Durante la disputa formuló también una de sus observaciones más conocidas y audaces: señaló que le parecía extremadamente difícil aceptar racionalmente la idea de que el Creador del universo hubiera nacido como un ser humano, crecido, sufrido y muerto. Afirmó que tales doctrinas eran aceptadas por costumbre y educación, pero que una persona que las escuchara por primera vez siendo adulta probablemente tendría dificultades para admitirlas.

Según numerosos relatos, la discusión pareció inclinarse a favor de Najmánides. El propio rey expresó admiración por su capacidad argumentativa y le entregó trescientas monedas de oro como muestra de respeto. Se conserva una famosa frase atribuida al monarca: 

“Nunca he visto a un hombre que, estando equivocado, defendiera tan bien su causa.”

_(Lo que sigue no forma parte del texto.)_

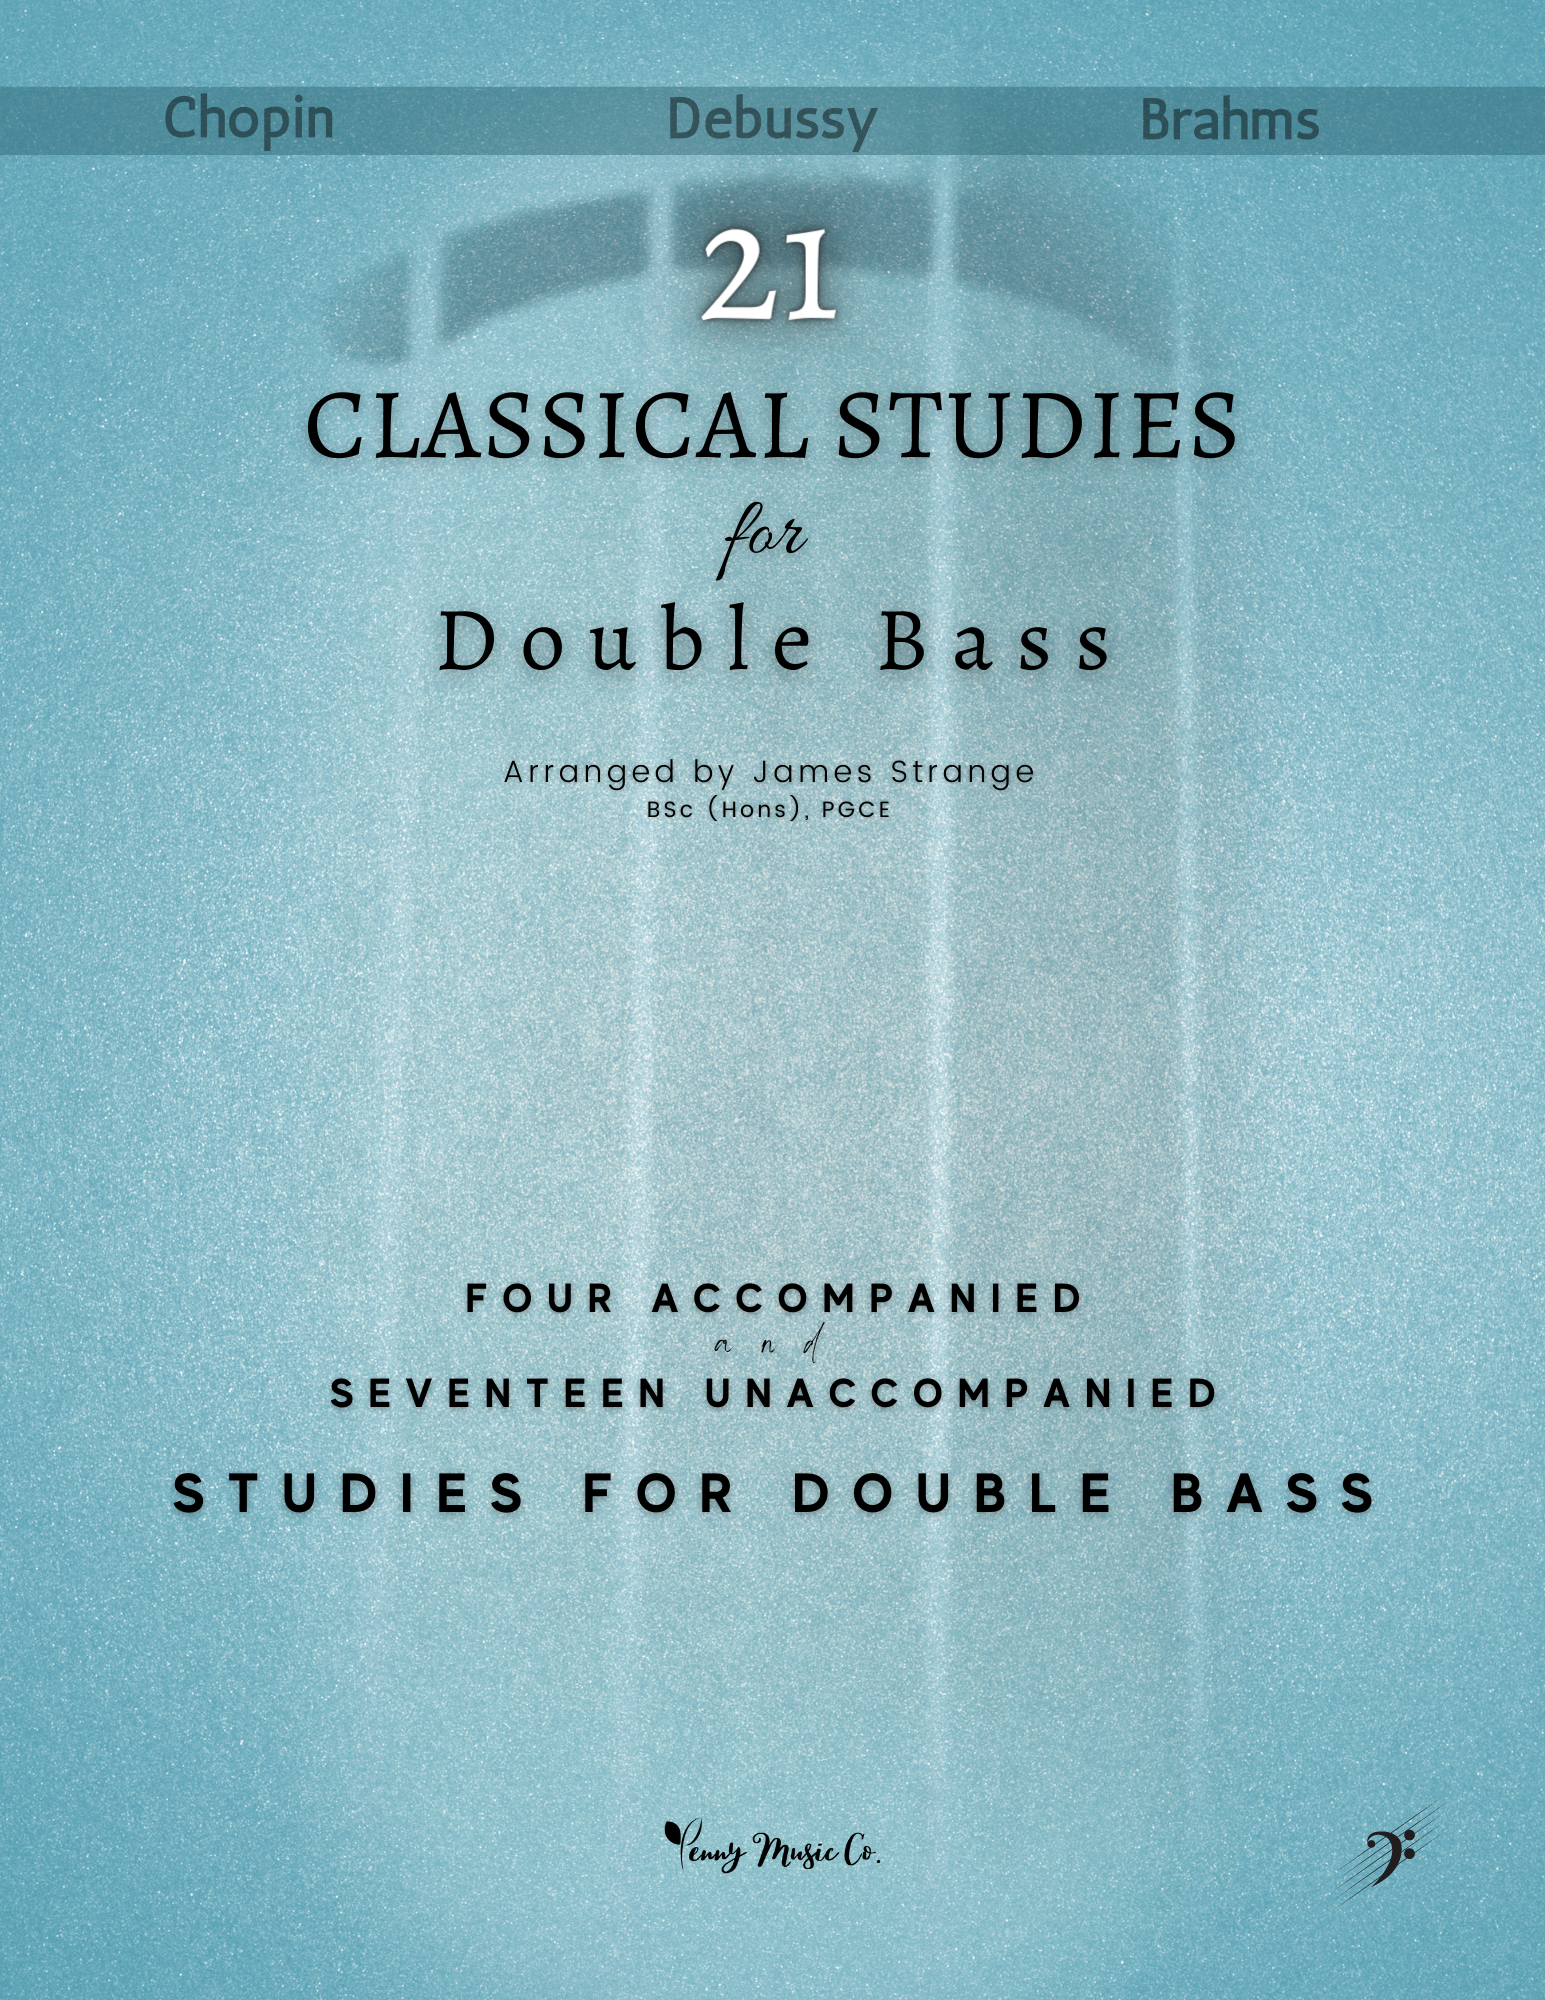 double bass sheet music

Sin embargo, la victoria intelectual tuvo consecuencias dolorosas. Los dominicos declararon haber triunfado y denunciaron posteriormente ciertas expresiones utilizadas por Najmánides como blasfemias contra el cristianismo. Aunque el rey reconoció que Najmánides únicamente había repetido argumentos expuestos bajo la libertad que él mismo le había concedido, terminó siendo condenado al exilio. Inicialmente la sanción era de dos años, pero la intervención papal la convirtió prácticamente en un destierro permanente. Este hecho provocó que abandonara su tierra natal y emprendiera el camino hacia la Tierra de Israel, una experiencia que marcaría profundamente sus últimos años.

Después de la disputa

Tras las consecuencias de la Disputa de Barcelona y su posterior exilio, abandonó Aragón y permaneció durante algunos años entre Castilla y el sur de Francia. Finalmente, en 1267 emprendió su viaje hacia Eretz Israel buscando refugio y la posibilidad de vivir en la tierra que consideraba el centro espiritual del pueblo judío.

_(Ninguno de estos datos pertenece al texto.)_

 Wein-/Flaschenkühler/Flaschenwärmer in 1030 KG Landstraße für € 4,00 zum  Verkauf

Al llegar a Jerusalén encontró una ciudad profundamente empobrecida y casi vacía de población judía. A pesar de esa situación, emprendió un esfuerzo por restaurar la vida religiosa y comunitaria. La tradición sostiene que estableció una sinagoga en la Ciudad Vieja, posteriormente conocida como la Sinagoga Rambán, considerada uno de los símbolos más importantes de la renovación de la presencia judía en Jerusalén. Más tarde se trasladó a Acre, donde desarrolló una intensa actividad educativa y reunió un círculo de discípulos alrededor suyo.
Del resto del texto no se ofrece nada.